Configuring ClickHouse Query Profiler

ClickHouse trace_log system table records the profiler operations, This setting is configured by default. But, The data on this table is valid only for a running server so after the ClickHouse server restarts, ClickHouse does not clean up this table and so all the persistent virtual memory addresses will become invalid.

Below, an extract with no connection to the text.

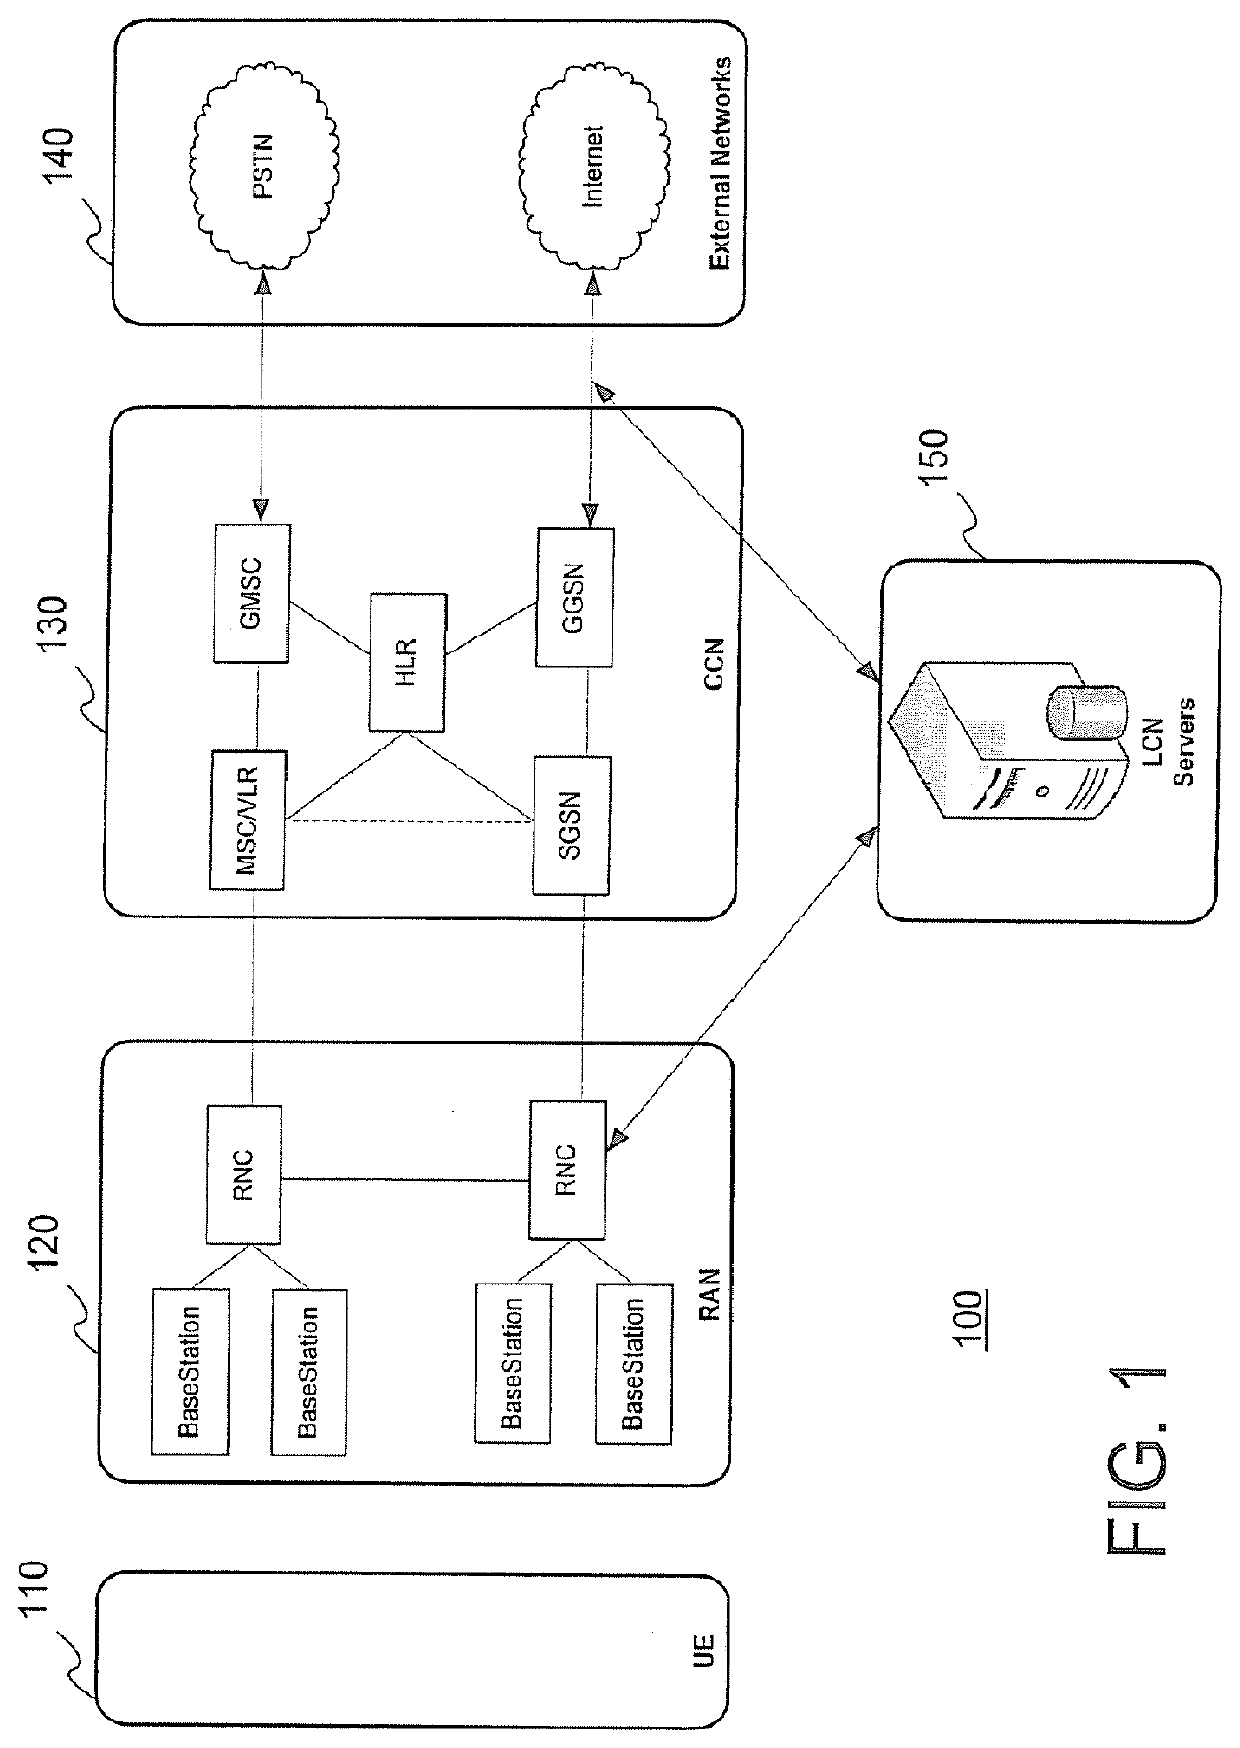 Method and System for Efficient Communication
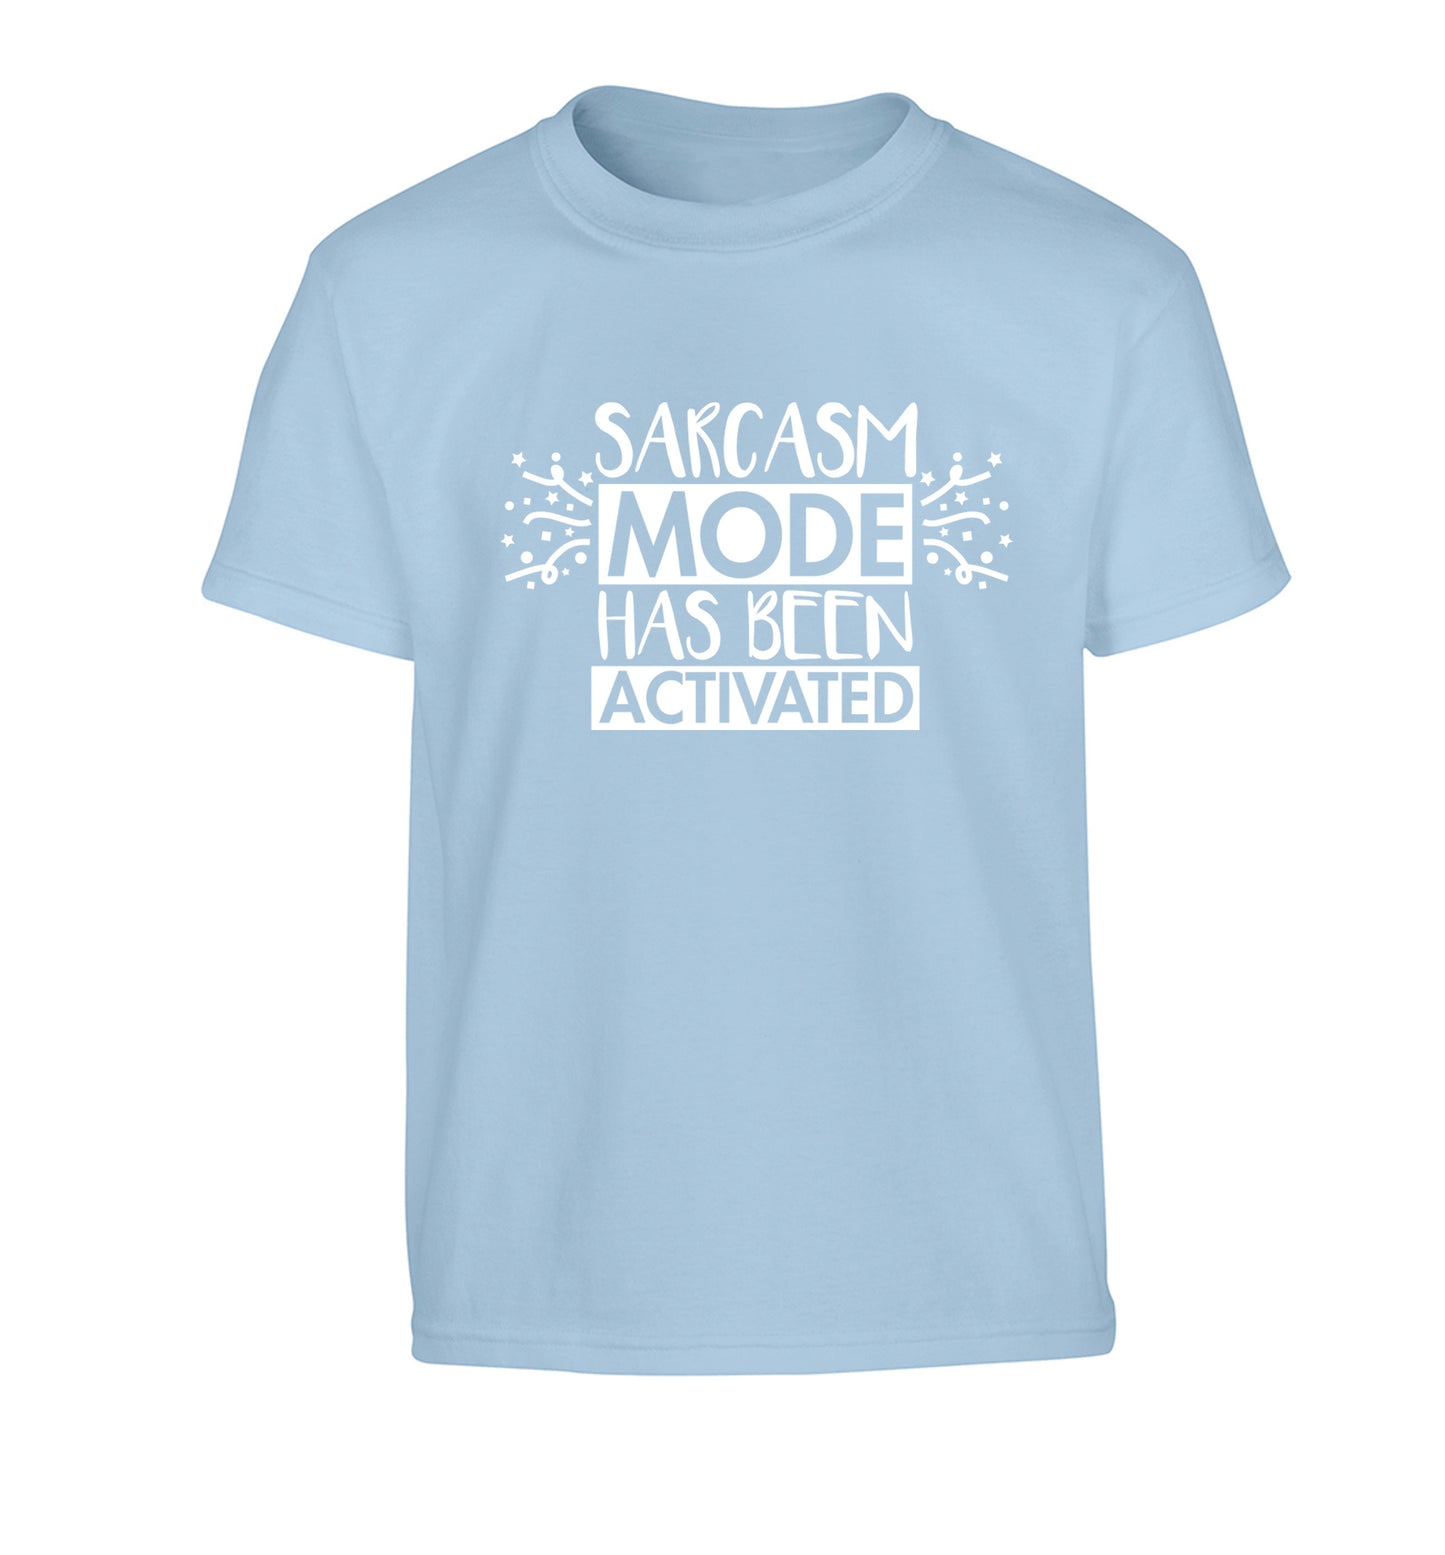 Sarcarsm mode has been activated Children's light blue Tshirt 12-14 Years

We have copied below the default server configuration file (config.xml) for your reference:

<trace_log>
    <database>system</database>
    <table>trace_log</table>
    <partition_by>toYYYYMM(event_date)</partition_by>
    <flush_interval_milliseconds>7500</flush_interval_milliseconds>
</trace_log>

[table id=9 /]

How to configure query_log and other _log tables for set up TTL, and/or some other cleanup procedures:

cat /etc/clickhouse-server/config.d/query_log.xml
<yandex>
    <query_log replace="1">
        <database>system</database>
        <table>query_log</table>
        <flush_interval_milliseconds>7500</flush_interval_milliseconds>
        <engine>
ENGINE = MergeTree
PARTITION BY event_date
ORDER BY (event_time)
TTL event_date + interval 90 day
SETTINGS ttl_only_drop_parts=1
        </engine>
    </query_log>
</yandex>

The configuration parameters query_profiler_real_time_period_ns and query_profiler_cpu_time_period_ns dump stacktraces all the threads which execute the query. By default, it collects information only about queries when runs longer than 1 sec (and collects stacktraces every second).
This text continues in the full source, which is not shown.